My grandma, Regina Twito, raised a family of 12 children so I always thought she would not have had time for flower gardening. This past month while I was scanning photos from my uncle Don’s (her son) scrapbook, I was so surprised to find that she too had many flowers growing in her huge yard at the “Big House” in Lake Mills. In nearly every photo the people were standing in front of beautiful flowers that included tulips, daylilies, peonies and of course bridal wreath spirea.

When did this woman have time for flowers when she was baking numerous loaves of bread for her family in addition to cooking, cleaning and tending this large family in a time of little of the conveniences we have today? She was another amazing woman in my gardening footsteps of life.

As a child I loved to sit in the swing in the early morning hours and listen to the birds singing and taking in the flowers of my own mother’s flower garden. My mother, Fern Twito Hegel, had a flower garden that was situated along the sidewalk where everyone walking or driving by would see it and admire her beautiful garden. My mother had so many lovely colorful flowers in springtime that it was like taking in a little bit of heaven. Bachelor buttons in colors of blue, pink and white self-seeded every year and would multiply to make this garden a lovely quilt of flowers. Along the driveway were the proverbial bridal wreath spirea, poppies and peonies so that come Memorial Day we would have flowers to put on the graves of our ancestors. Tulips in reds and yellows, a very fragrant old-fashioned pink rose, gaillardia, Shasta daisies and so many others were scattered throughout her garden; people just loved to stop and gaze at the garden.

So now it was time for me to inherit this gardening gene and pass it along to my daughter and granddaughter in a long line of succession.

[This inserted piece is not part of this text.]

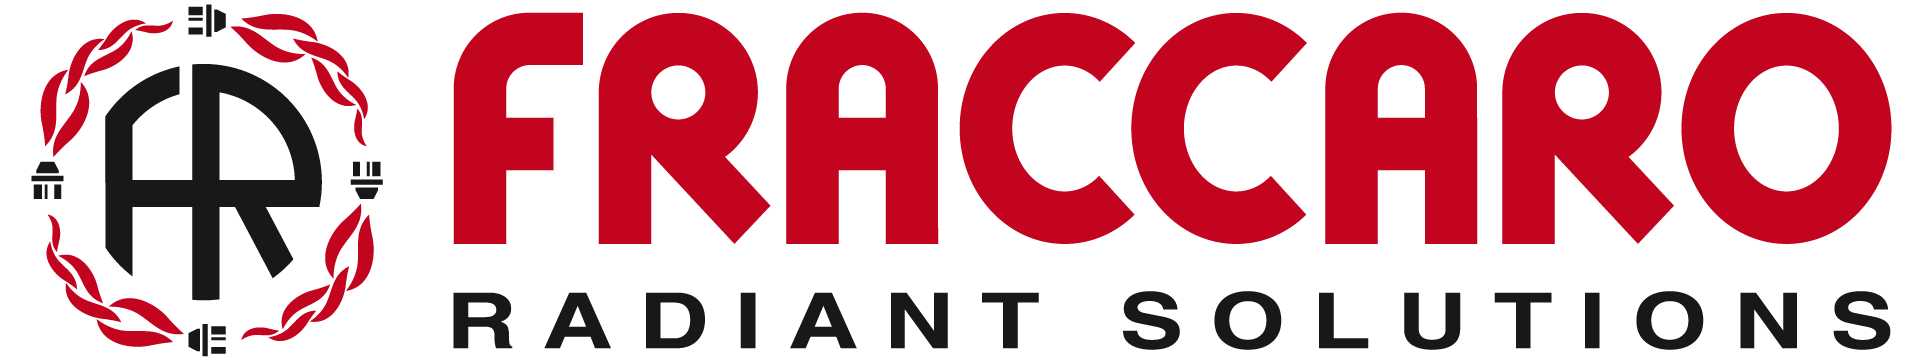 Logo-Fraccaro-orizzontale_hires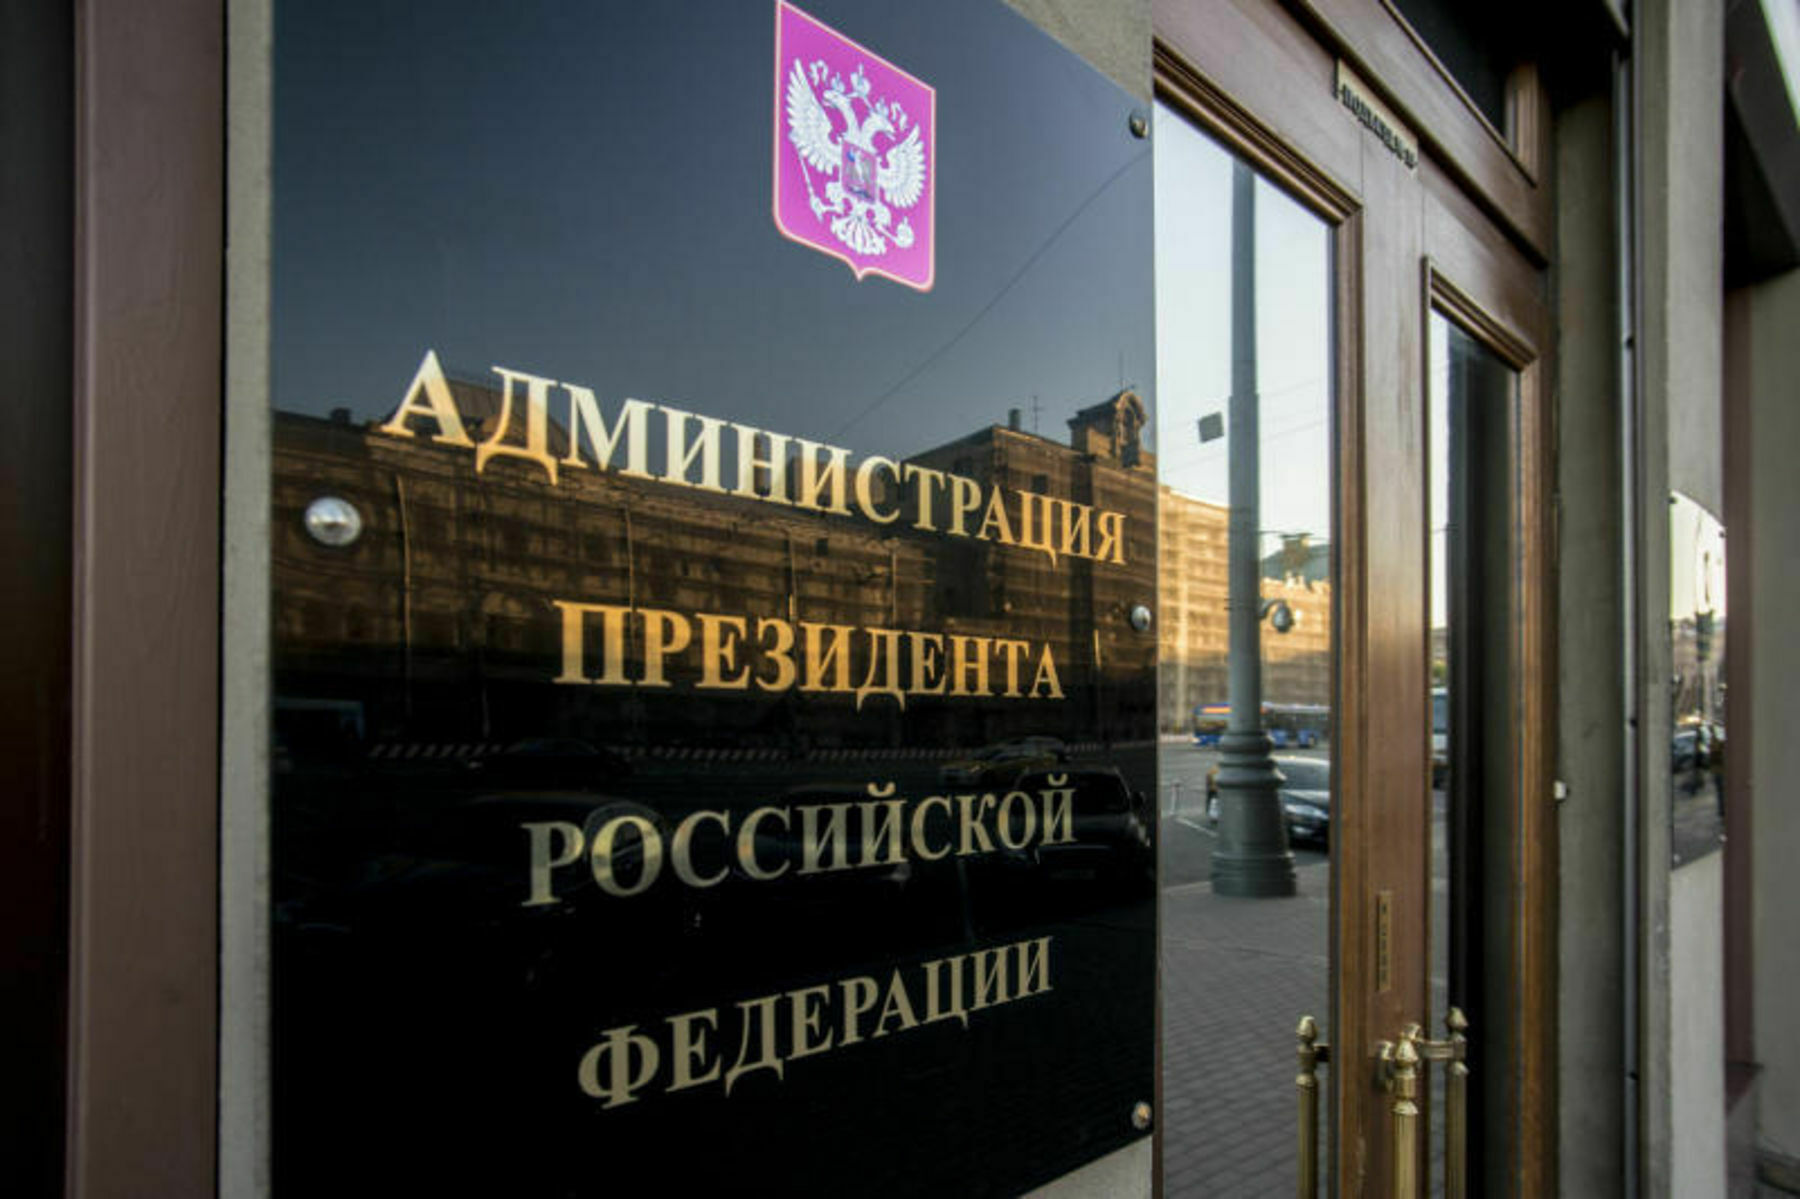 На трехлетнее содержание органов власти в бюджет заложили 1,5 трлн рублей

My passion for gardening and nature seems to have been carefully orchestrated through the years by all of these remarkable women and I can only hope that I have done them proud. If Aunt Alice knows that I am writing a gardening column I think she would be very pleased to learn that all of our little gab sessions at her house and in the garden were not wasted on a young lady who listened in awe trying to remember everything she talked about. What an inspiration she was to me and yes, I also love poetry as well as my granddaughter who is following in her grandmother’s gardening footsteps.

This quote from Abram L. Urban seems to sum it all up: “In my garden there is a large place for sentiment. My garden of flowers is also my garden thoughts and dreams. The thoughts grow as freely as the flowers, and the dreams are as beautiful.”